Problem to solve ▸ Apart from the images, output the data below exactly.

Data provided ▸

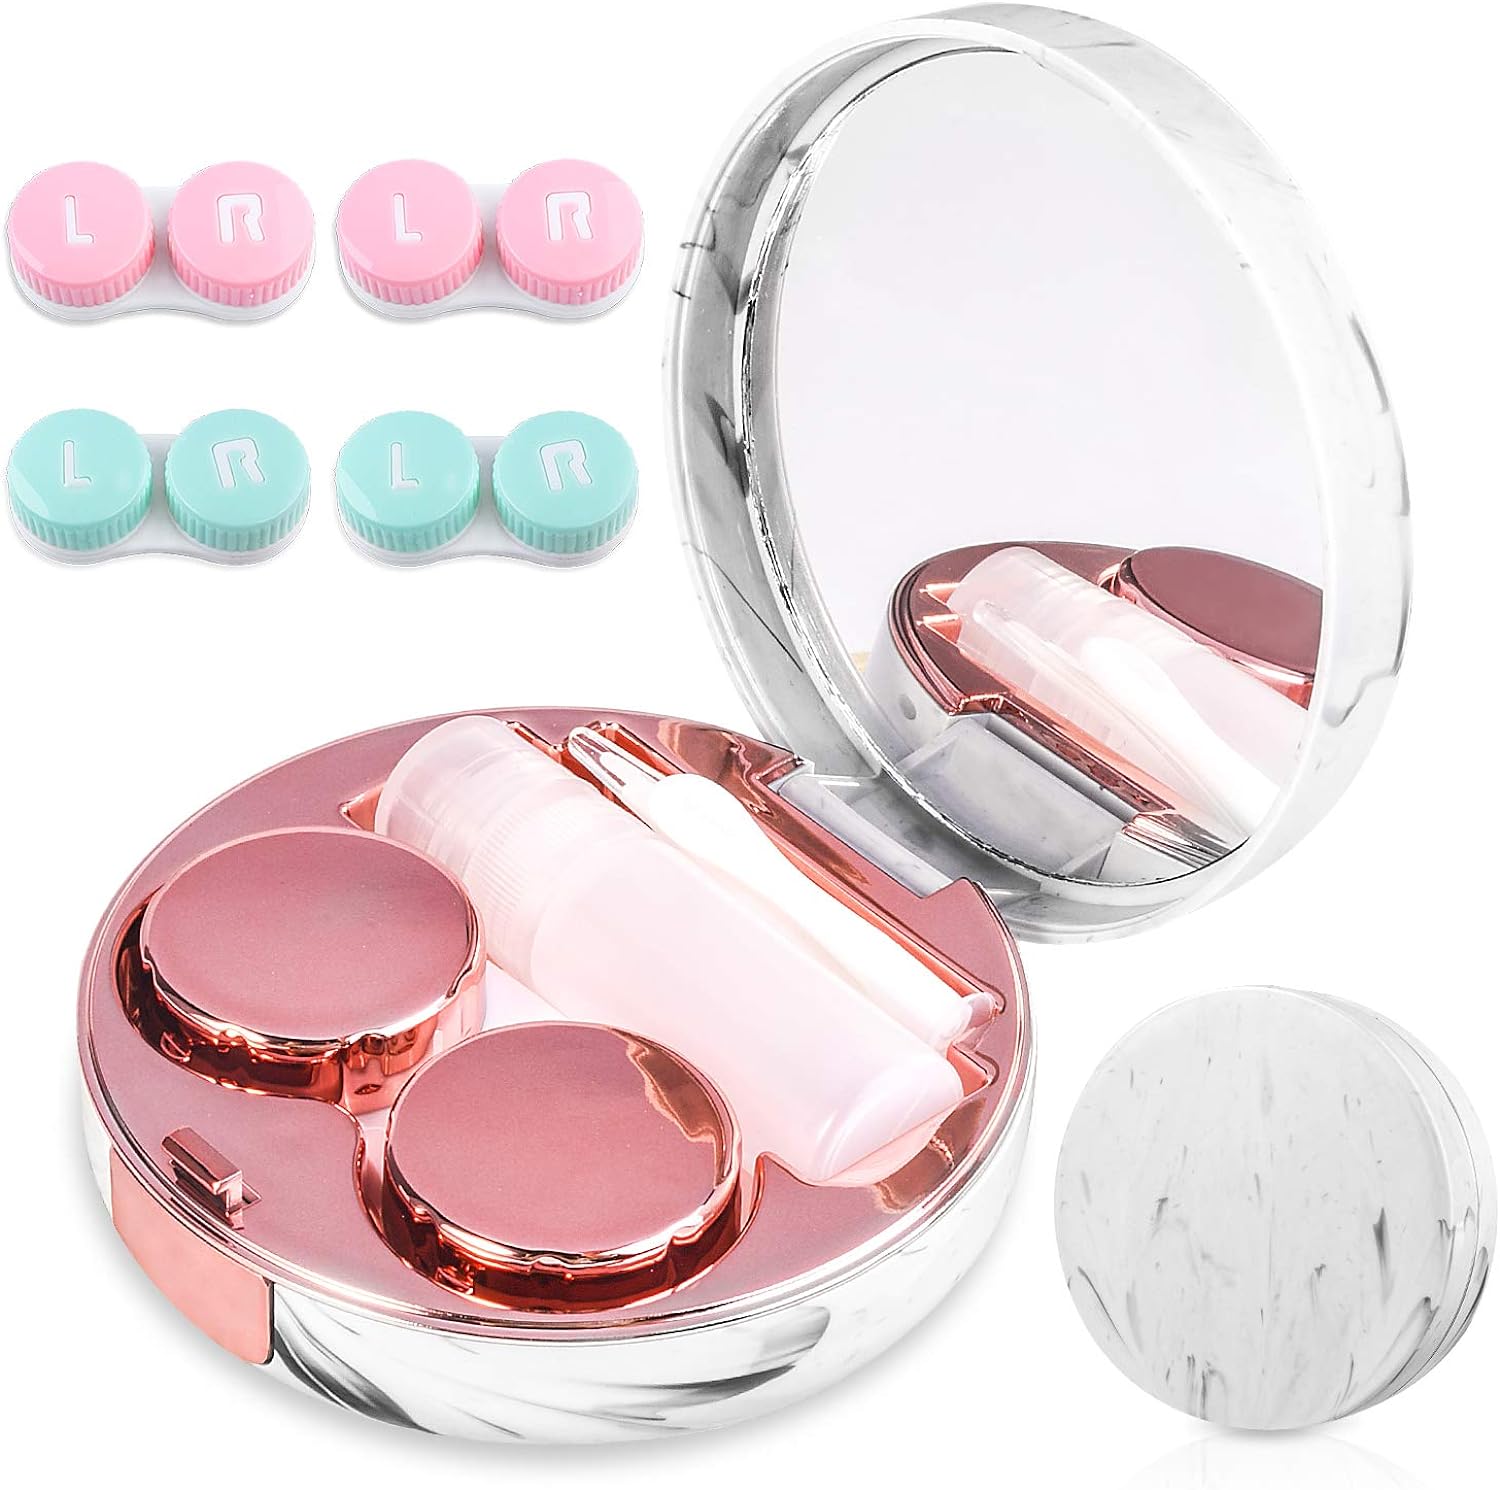 Contact Lens Cases, 5 in 1 Travel Contact Lens Box with Mirror Tweezers Remover Tool Solution Bottle for Outdoor Office Daily Use
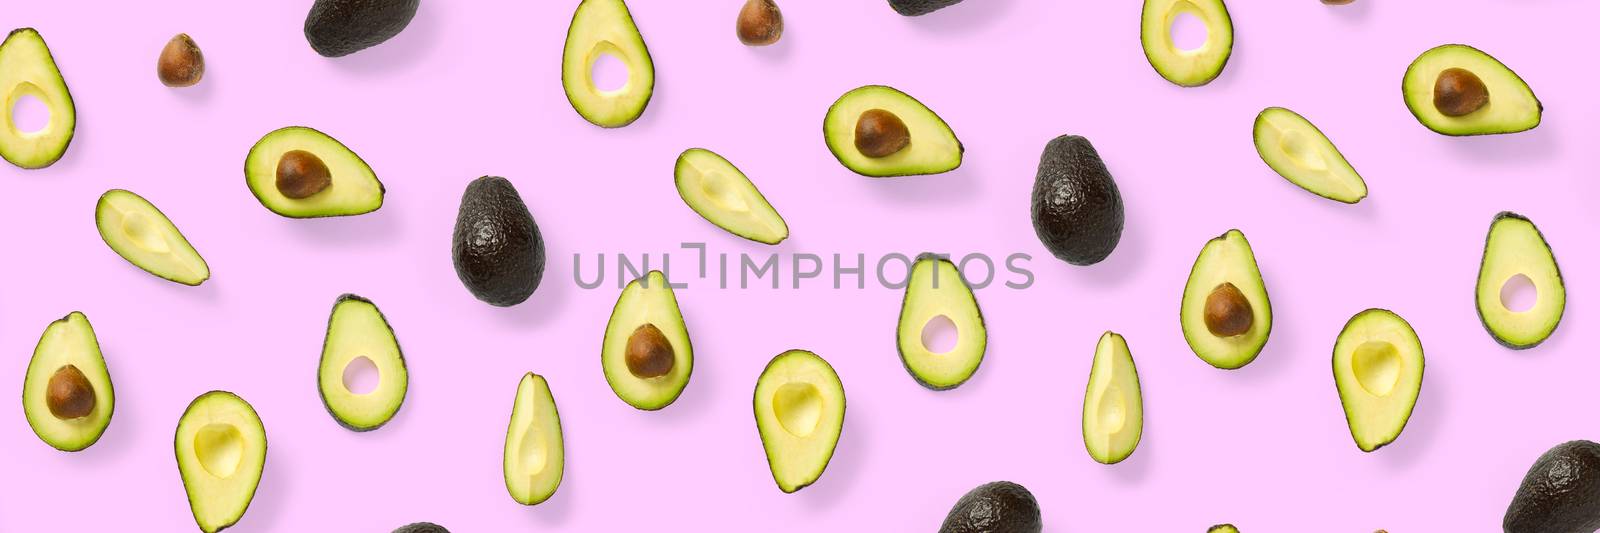 Avocado banner. Background made from isolated Avocado pieces on pink background. Flat lay of fresh ripe avocados and avacado pieces
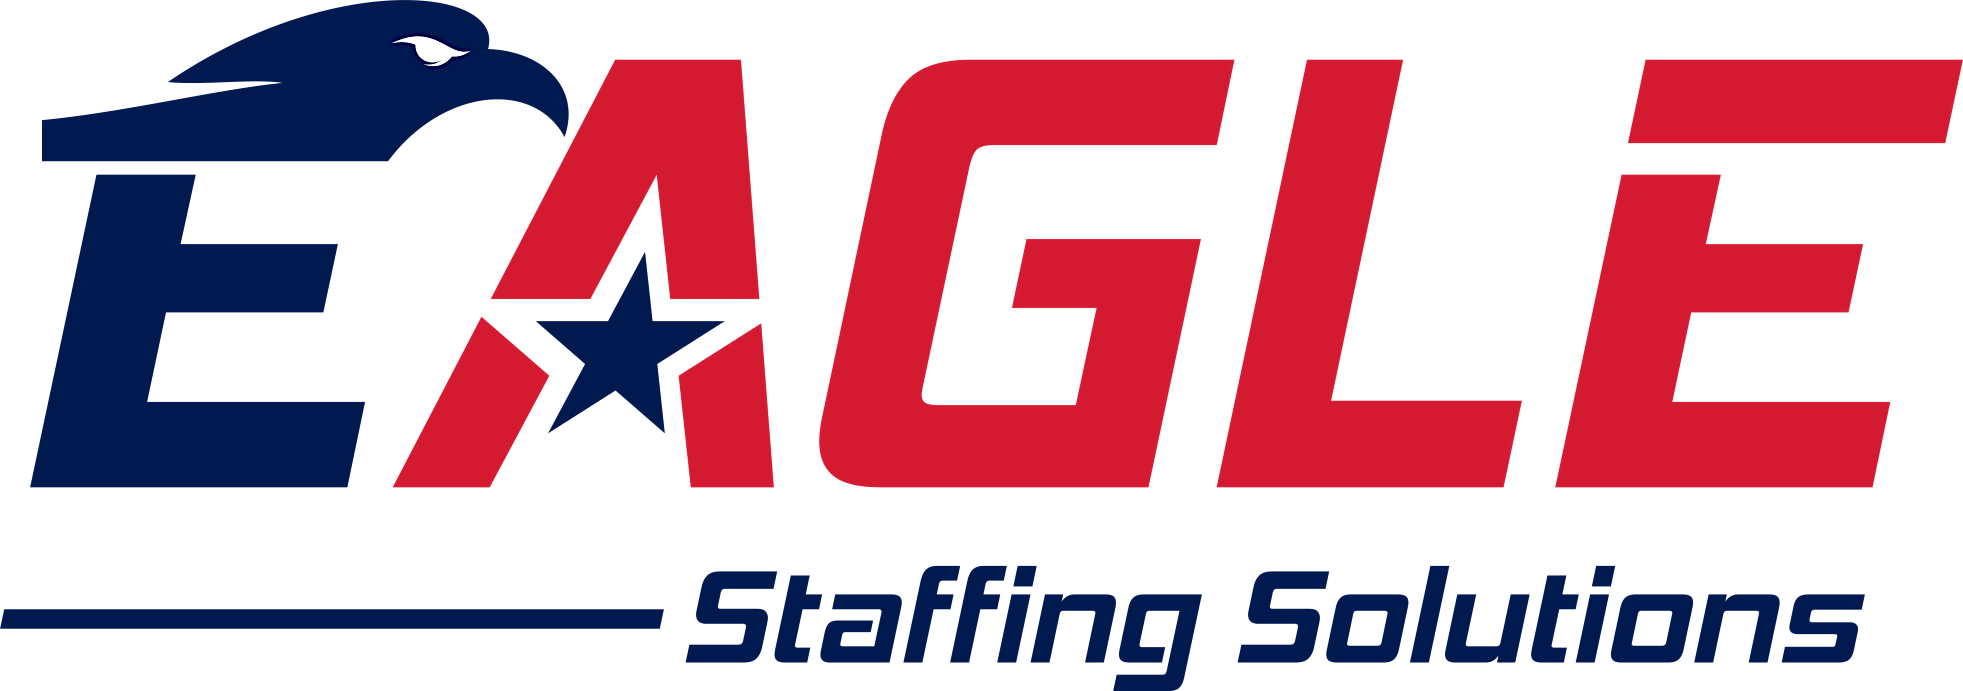 Eagle Staffing Solutions

Written answer ▸
 Contact Lens Cases, 5 in 1 Travel Contact Lens Box with Mirror Tweezers Remover Tool Solution Bottle for Outdoor Office Daily Use
 Avocado banner. Background made from isolated Avocado pieces on pink background. Flat lay of fresh ripe avocados and avacado pieces
 Eagle Staffing Solutions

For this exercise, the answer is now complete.